- DATASET SECTION:
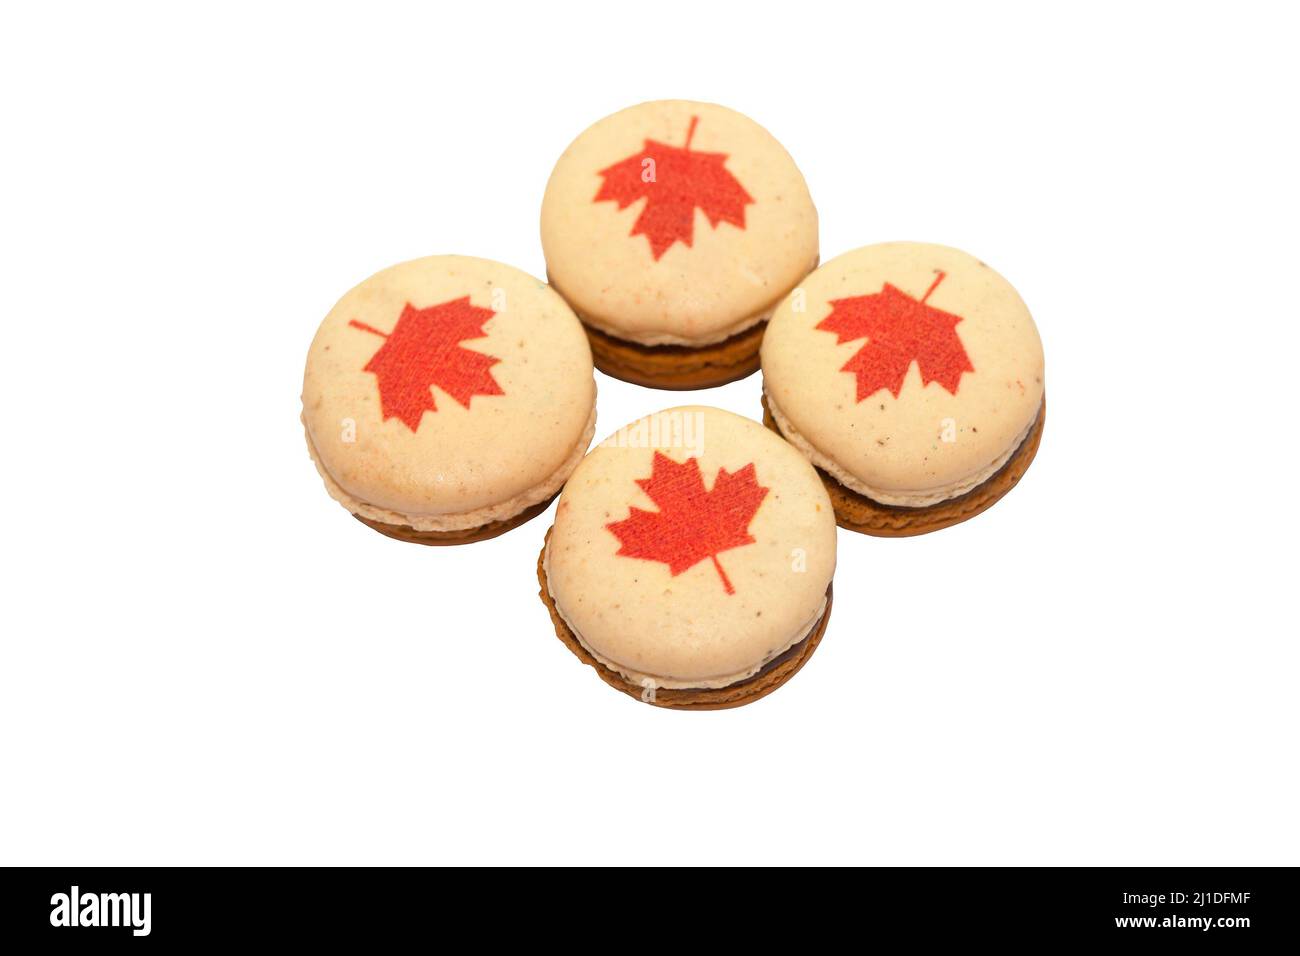 Macarons decorated with red maple leaves for Canada Day, on a white background Stock Photo
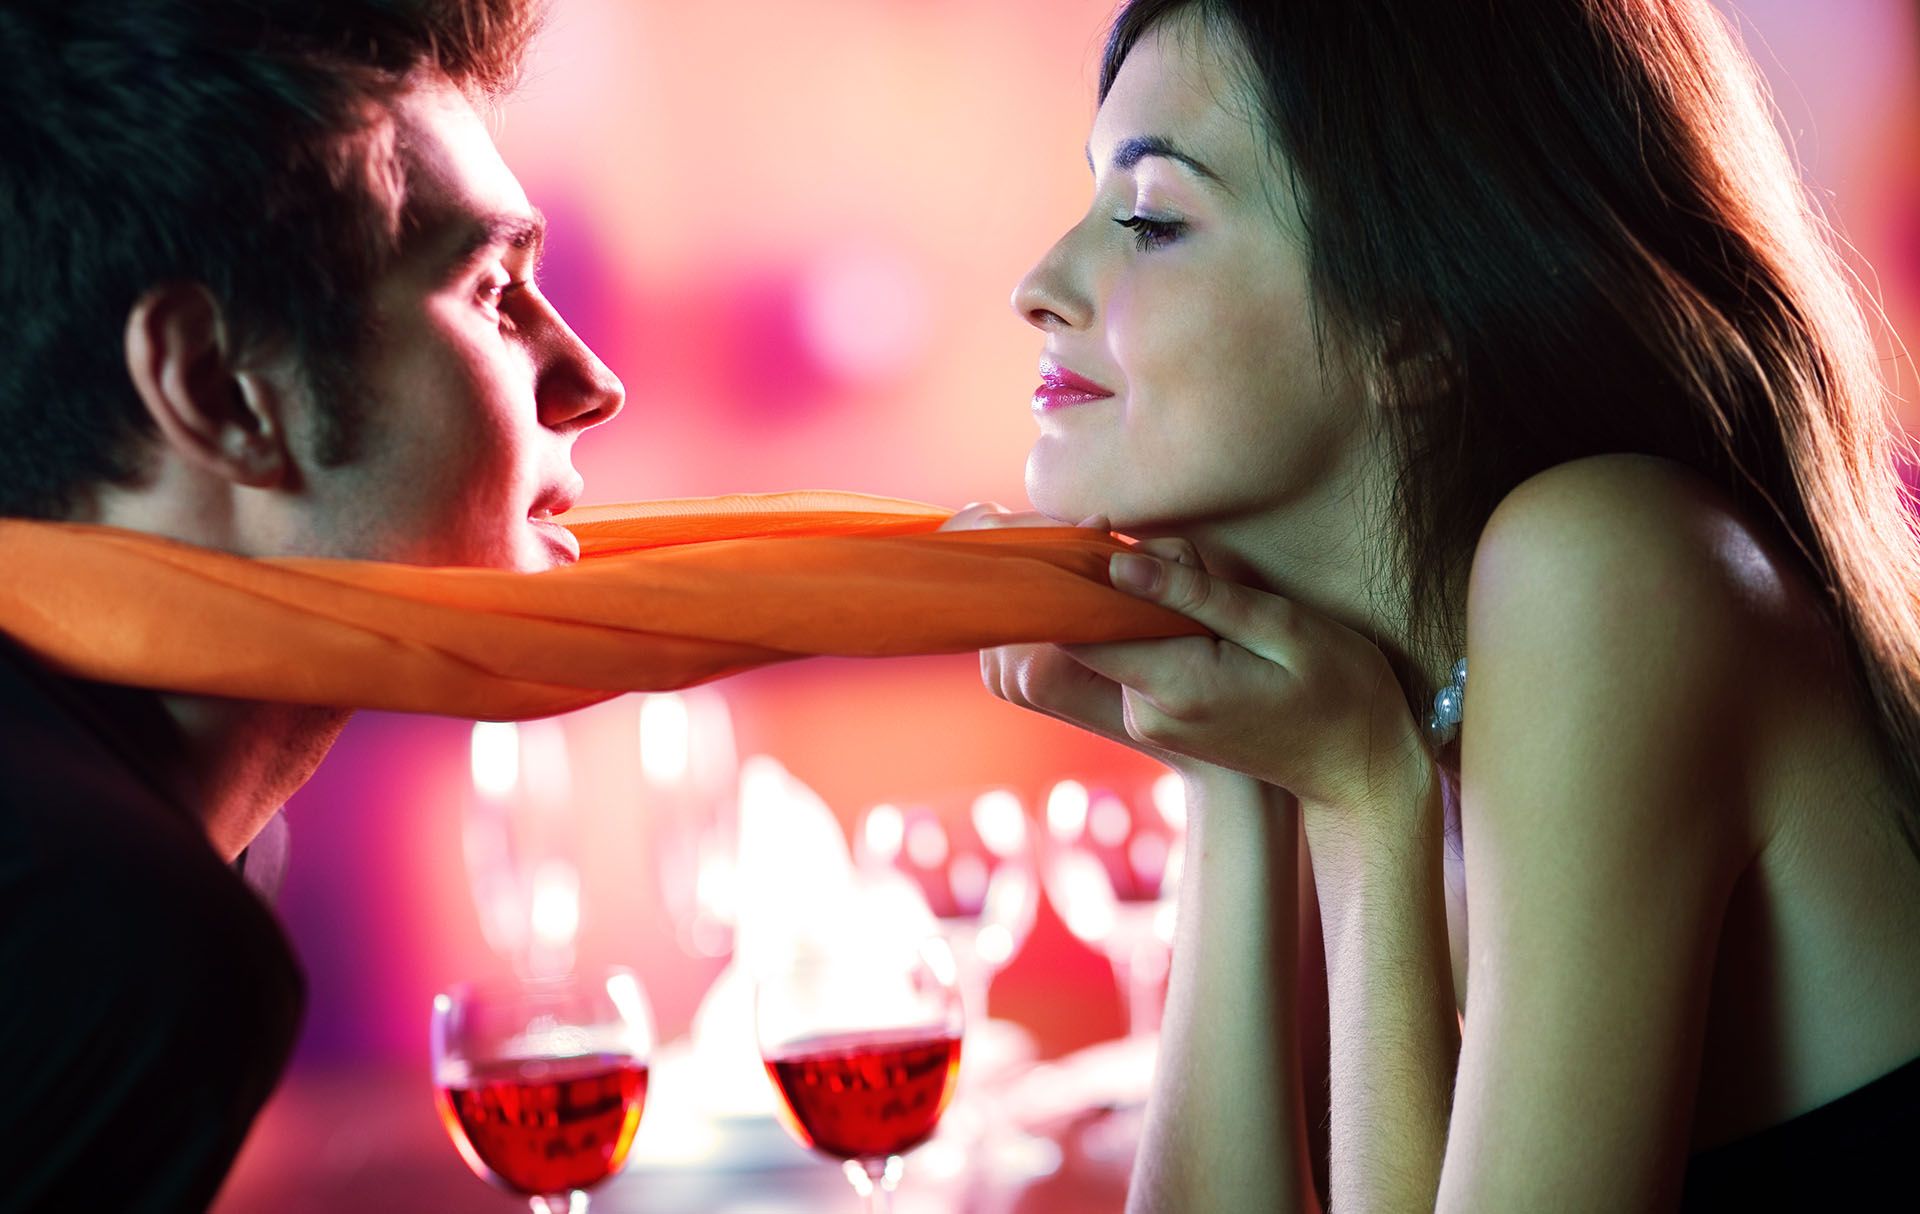 Young attractive happy couple kissing in restaurant, celebrating or on romantic date
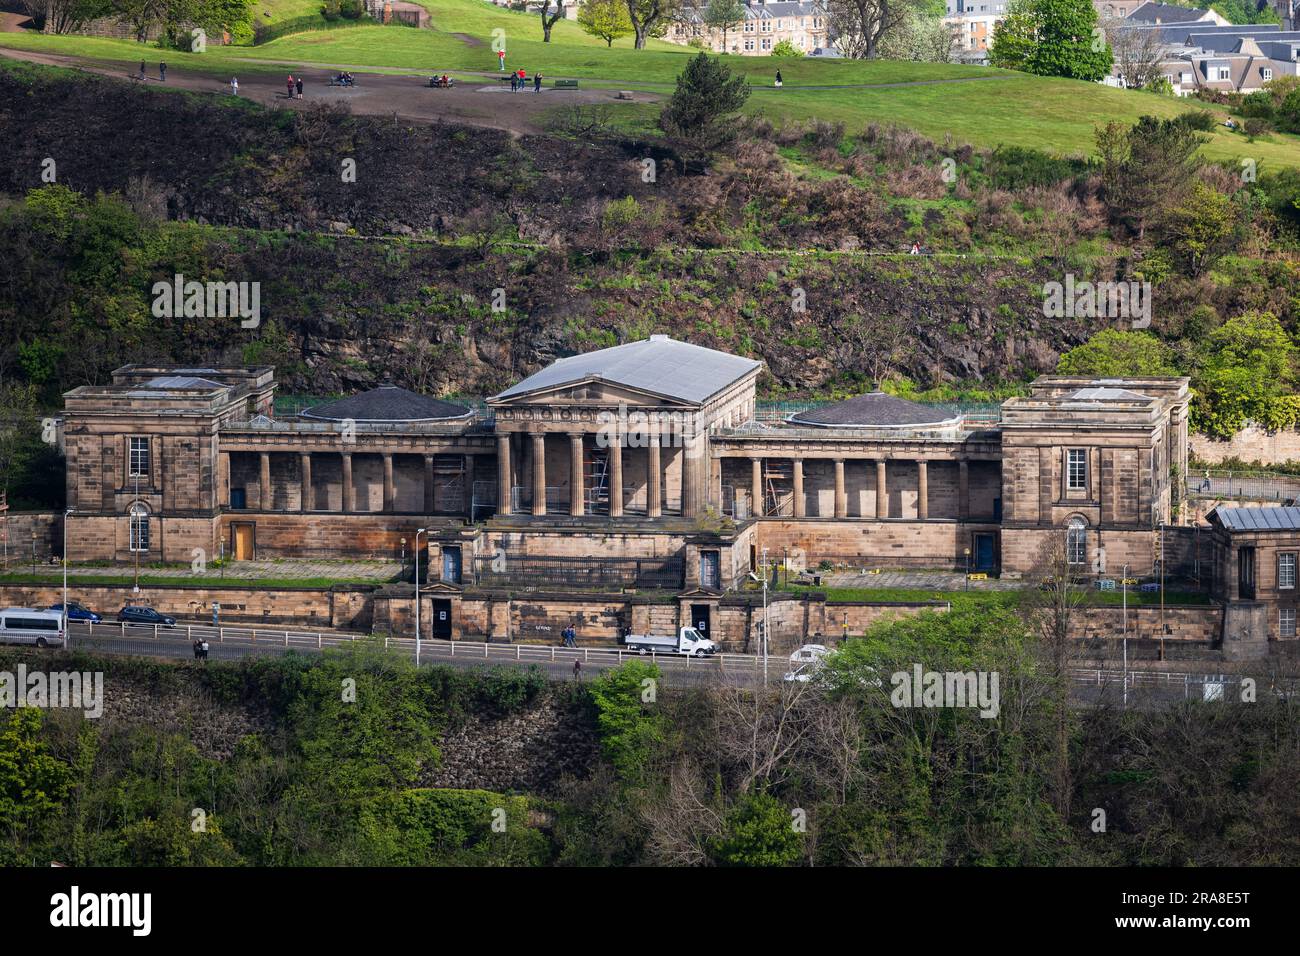 The Old Royal High School or New Parliament House, 19th-century Neoclassical building on Calton Hill in city of Edinburgh, Scotland, UK. Stock Photo

- ACTIVITY: Could you reproduce the listing above exactly and drop every picture?

- RESULT OF THIS EXERCISE:
 Macarons decorated with red maple leaves for Canada Day, on a white background Stock Photo
 Young attractive happy couple kissing in restaurant, celebrating or on romantic date
 The Old Royal High School or New Parliament House, 19th-century Neoclassical building on Calton Hill in city of Edinburgh, Scotland, UK. Stock Photo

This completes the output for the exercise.